Cricketer Amelia Kerr on how family saved her amid mental health battle
But after they surprised the young all-rounder with a lifesaving intervention that made her feel as if 'she was at her own funeral', their support became crucial to her ongoing management of anxiety and depression.
Kerr took her game to another level in 2024 to be crowned player of the tournament during New Zealand's maiden T20 World Cup title run, and the International Cricket Council's Women's Cricketer of the Year.
She was a prized pick-up for WBBL side the Sydney Sixers last season, after stints at the Brisbane Heat, and starred for the Mumbai Indians during their 2025 WPL title-winning season earlier this year.
But reaching these heights has been anything but easy for the 24-year-old, who began to bottle up her emotions in her late teens because she felt she should be grateful to be 'living out my childhood dream' playing for the White Ferns.
'I was also living with the belief that everything I did had to be perfect. I never gave myself a break,' Kerr told News Corp's Can We Talk? campaign, in partnership with Medibank.
'My thoughts started to consume me and my only escape, the only place where my mind was clear and I felt like I could breathe, was training.
'I would get up early, train all day, then go to the pool at night and do recovery, so all I needed to do was come home eat, shower and try to sleep.
'I tried to avoid my family because I didn't want them to see the pain I was in.'
Kerr said she believed that her loved ones couldn't fix her anguish, and therefore didn't want to burden them.
But in 2021, the floodgates opened after she was sent home from a White Ferns training camp.
Kerr said the decision angered her at the time, but she had since realised she 'had reached a crisis point' and needed 'serious help'.

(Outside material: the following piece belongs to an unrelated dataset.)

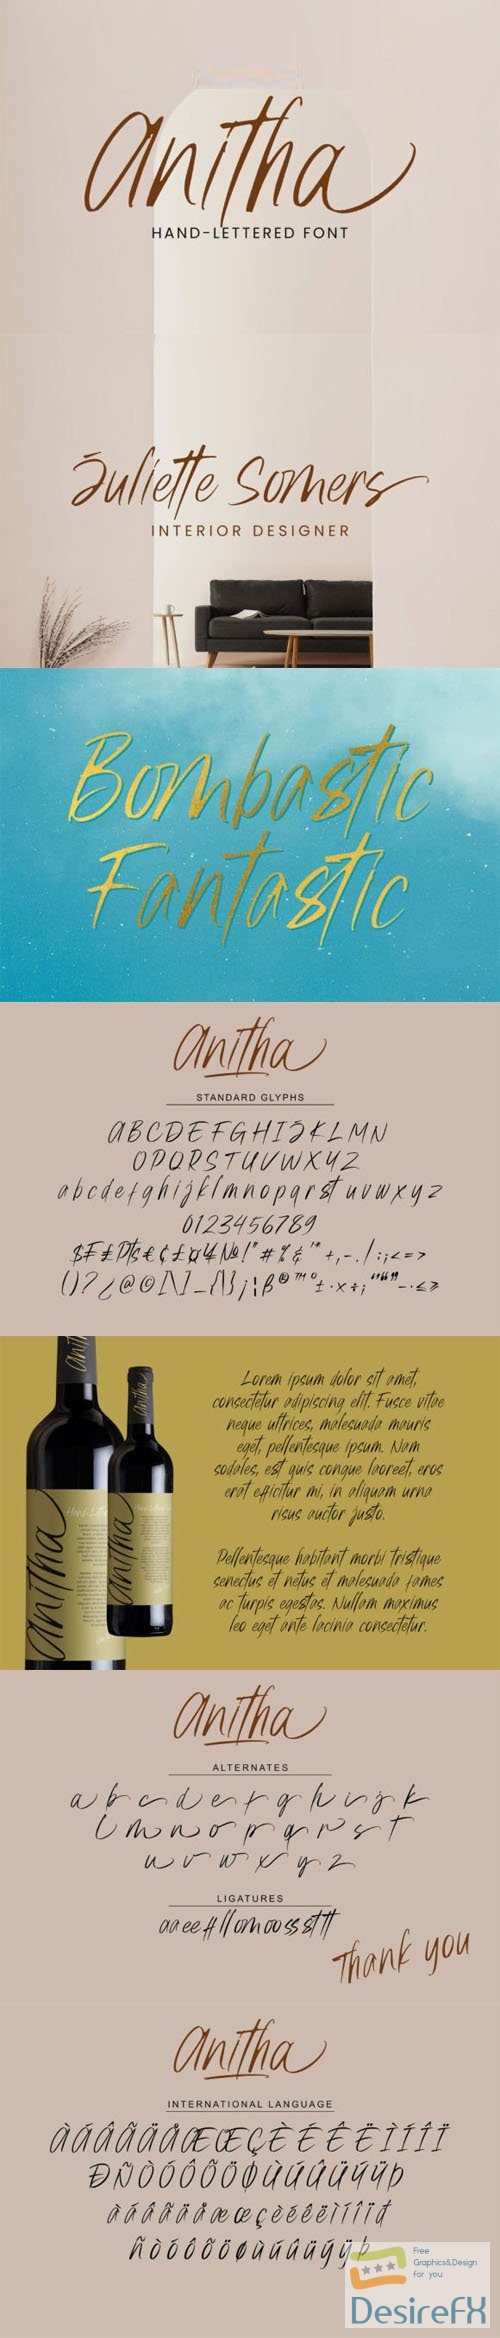 Anitha Hand lettered Font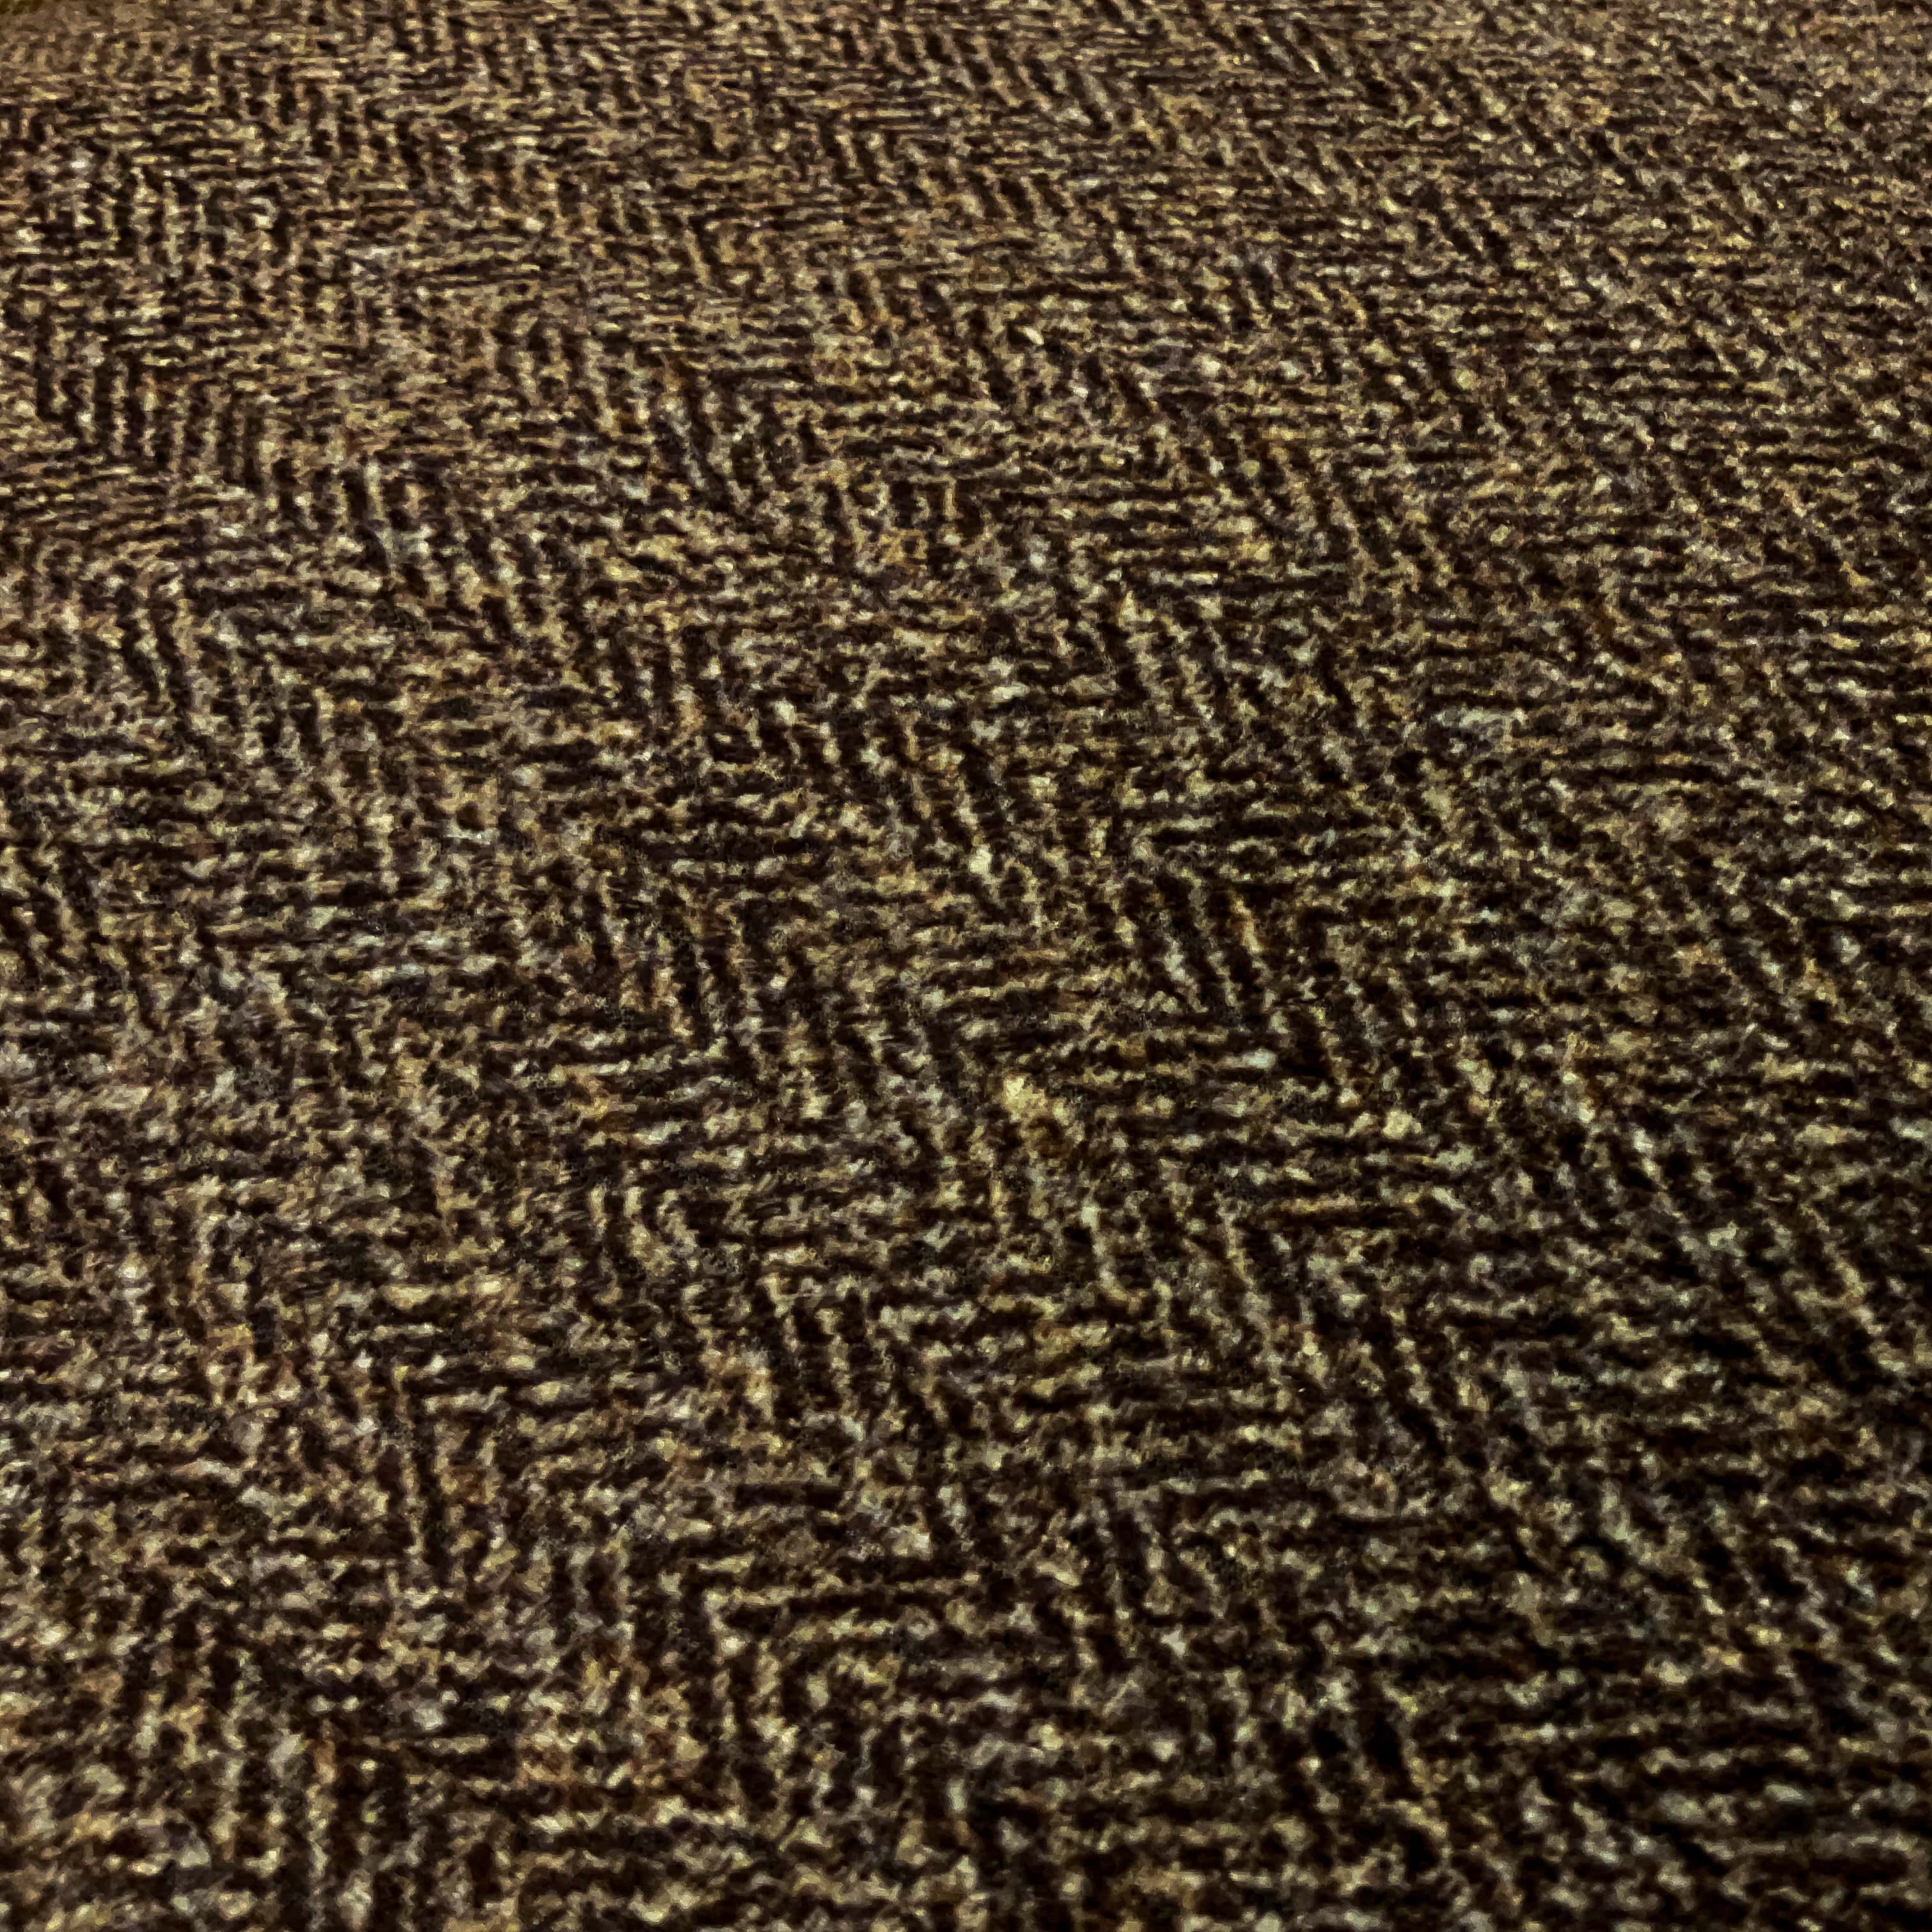 fabric closeup of a plain brown suede cushion showing a geometric pattern

Teammate and close friend Maddy Green flew back with Kerr to her hometown of Wellington, where her parents, sister (fellow White Ferns cricketer Jess), grandparents, aunties and uncles staged a second intervention.
A 10-minute, tear-filled speech by her dad, former Wellington player Robbie Kerr, was one of 'many powerful messages that night' that Kerr said gave her hope.
'I thought, 'My family need me here and I need to try get better for them',' she said.
'My family saved my life.
'They knew I was struggling, but they didn't quite know the degree.
'I was then taken to the crisis team at hospital (where) I spoke about how I was feeling. 'Everyone in that room was in tears.'
Weekly sessions with a psychiatrist, medication and close monitoring followed, allowing Kerr to 'feel safe for once'.
The talented bowler and batter also went public with her mental health battles when she pulled out of the White Ferns' 2021 tour of England.
While she was 'scared' to be so open, doing so 'was me standing up for something I am passionate about, so it can provide others with hope that things can get better'.
Kerr continues to manage her mental health through regular psychologist sessions, learning her 'warning signs' so she can ask for help before getting to a bad place, having a routine, practising gratitude and putting time towards activities that 'fill my cup' like exercise, being in nature, reading, playing guitar and being with loved ones.
She also created Treading Water – a series on her website, outoftherough.nz, in which 14 people share their stories of mental illness and recovery to 'help normalise those conversations'.
Importantly, Kerr and her family have built 'a relationship of trust' in which she feels comfortable to 'tell them how I feel, and for them to do the same'.
'The experiences we have shared have made us even closer and more grateful for life,' she said.